6. Subsequently appeals for the years 1970-71 & 1971-72 came up before the AAC of IT, who dismissed the assessees appeal holding that no appeal lay. The petitioner appealed to the ITAT against the aforesaid order and the appeal was rejected by the Tribunal. The petitioner, subsequently, made an application u/s 253(1) to the IT Appl. Tribunal and the Tribunal agreed to make a reference to the High Court.
7. The petitioner has by this writ petition sought quashing of the order of the ITO u/s 154 of the IT Act and also for a mandamus commanding the ITO to decide the application u/s 154 in accordance with law or to waive the interest for the asst. yrs. in question. The petitioner also sought writ of prohibition commanding the ITO not to recover from the petitioner interest u/ss. 139 and 217 for the asst. yrs. 1969-69 to 1971-72 and to refund such amount as had been recovered from the petitioner. Subsequently, the petitioner sought an amendment, which was allowed, for quashing of the orders of AAC and the Appl. Tribunal. As far as the order of the ITO u/s 154 of the IT Act is concerned, the petitioner had an alternative remedy by way of revision to the CIT. The petitioner has not availed of that remedy and there is no reason why this Court should interfere u/s/Art. 226 of the Constitution with the order of the ITO, when the petitioner has an adequate alternative remedy.
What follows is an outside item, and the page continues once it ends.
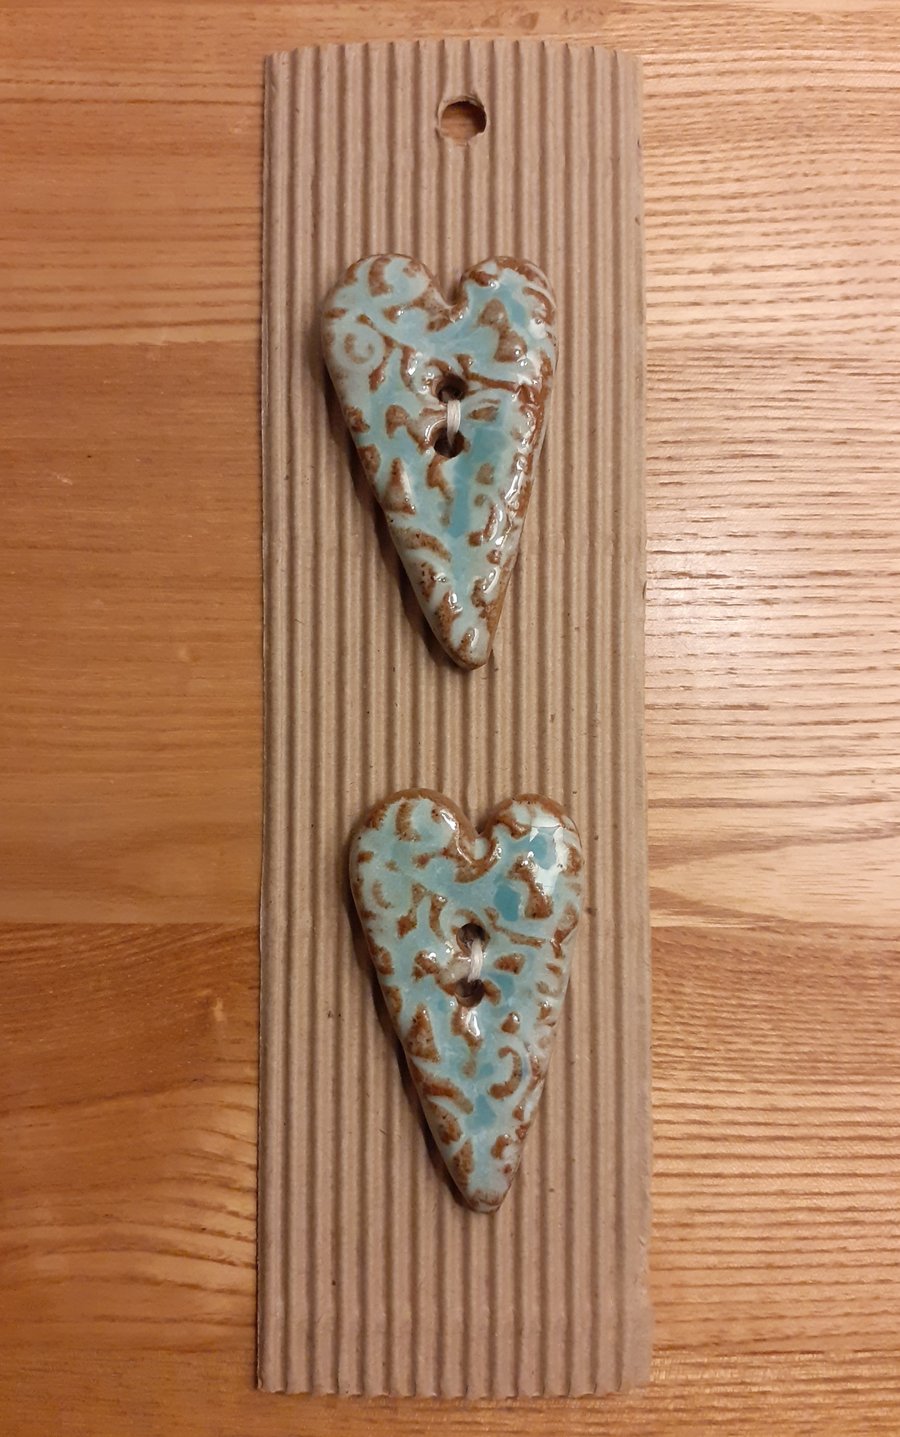 Long patterned ceramic heart buttons

8. As far as the relief of quashing of the order of the AAC and the IT Appl. Tribunal are concerned, the order of the AAC merged in the order of the Tribunal. The petitioner could have sought a reference to this Court, but he has not done so. There is no reason to depart from the normal rule that where the statutory remedy is available to the petitioner, this Court will not interfere in the exercise of its power u/Art 226 of the Constitution.
9. In the result, the writ petition fail and it is dismissed with costs.